From bright to bleak in a matter of months, the outlook for Philippine real estate became uncertain as the pandemic and the lockdowns halted many businesses, restricted travel and other activities, and forced work stoppages, some of which eventually led to permanent closures. Some property segments like hotels and resorts bore the harsh brunt of the pandemic, while others saw tempered activity—that is, slower to no demand and softer prices, as expected during a crisis.

FEATURED STORIES

Amid all the drastic changes and the lessons learned, real estate stakeholders and experts are finally seeing green shoots of recovery—hopeful for an opportunity to bounce back as early as next year. Inquirer Property polled industry experts who shared their insights and forecasts, as well as their most important takeaways from this pandemic.
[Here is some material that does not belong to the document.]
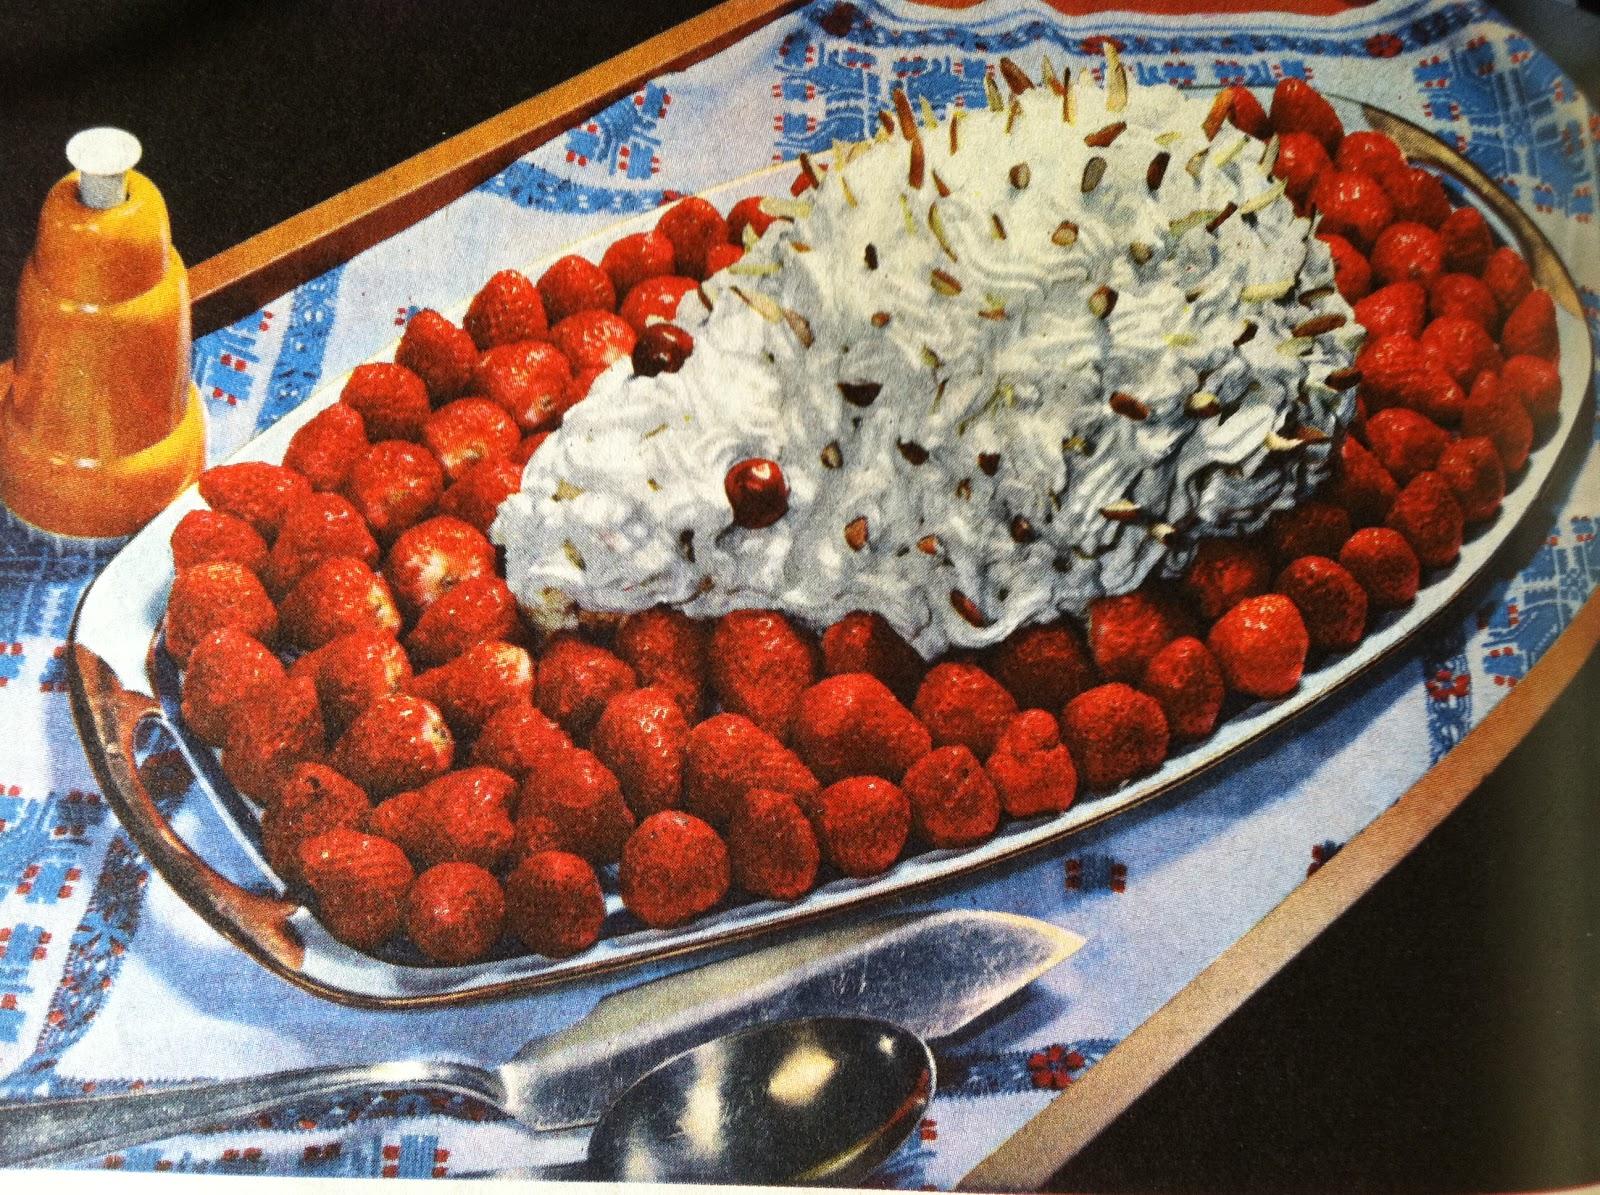 jordbær+005.JPG
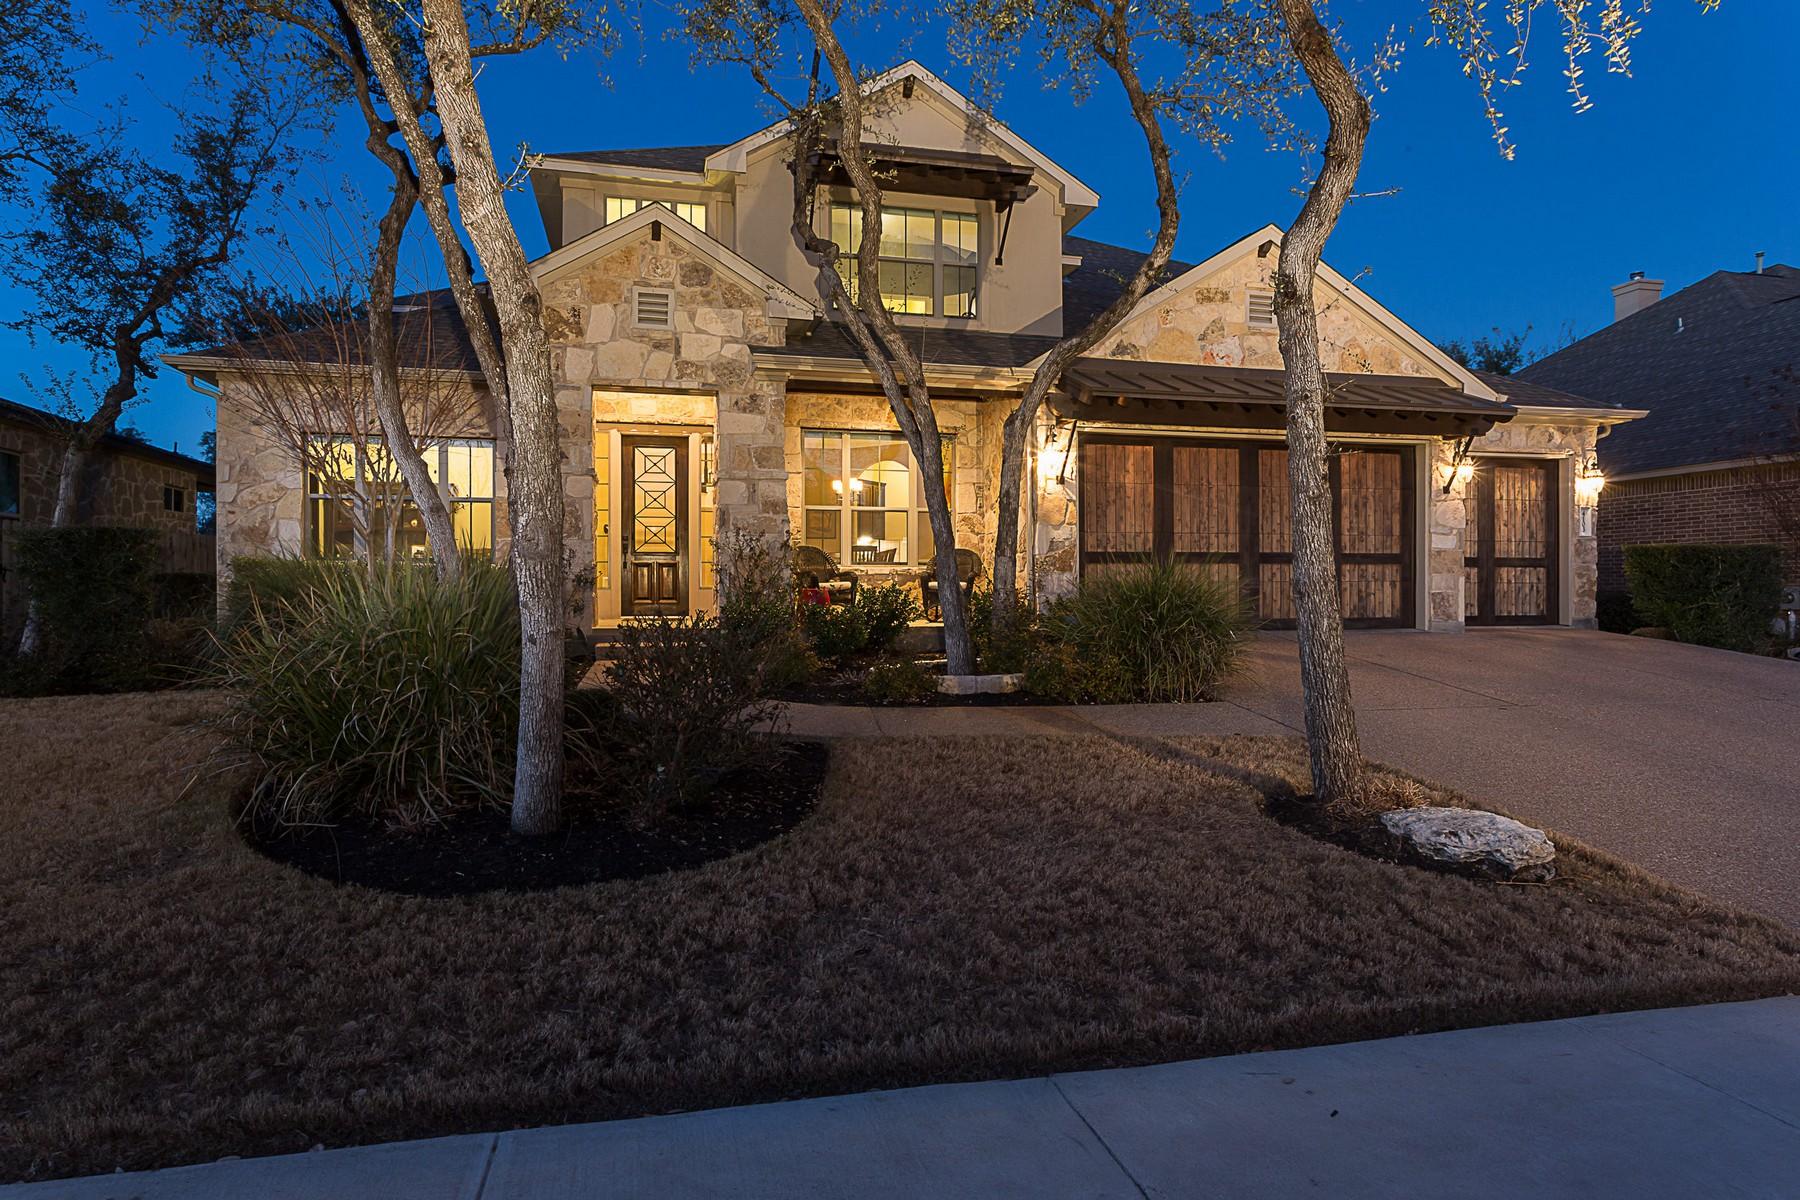 Casa Unifamiliar por un Venta en Luxury living in The Ranch at Brushy Creek! 4103 Arrow Wood Rd Cedar Park, Texas 78613 Estados Unidos

A VIABLE INVESTMENT AMID THE PANDEMIC

Joey Roi Bondoc
Colliers International Philippines

As the pandemic highlighted the need for healthy office buildings, landlords will need to maximize wellness features of their buildings and prioritize wellness certifications such as Leadership in Energy and Environmental Design and WELL building standards.

Occupiers meanwhile should accelerate the adoption of modern technology and consider implementing a flex-and-core strategy or a mix of traditional and flexible workspaces. Colliers believes that remote work provides an opportunity for tenants to re-examine office space demand. We further see tenants exploring short term lease renewals during this period of uncertainty, complementing traditional offices with remote work models.

Stable demand

For the residential segment, Colliers Philippines has observed a sustained demand for pre-selling condominium projects in Metro Manila. The number of units sold (25,000) in the first nine months of 2020 outpaced total launches (16,000) during the period.

Overall, there is liquidity in the market and the recovery in demand should be supported by low mortgage rates and attractive, extended payment terms.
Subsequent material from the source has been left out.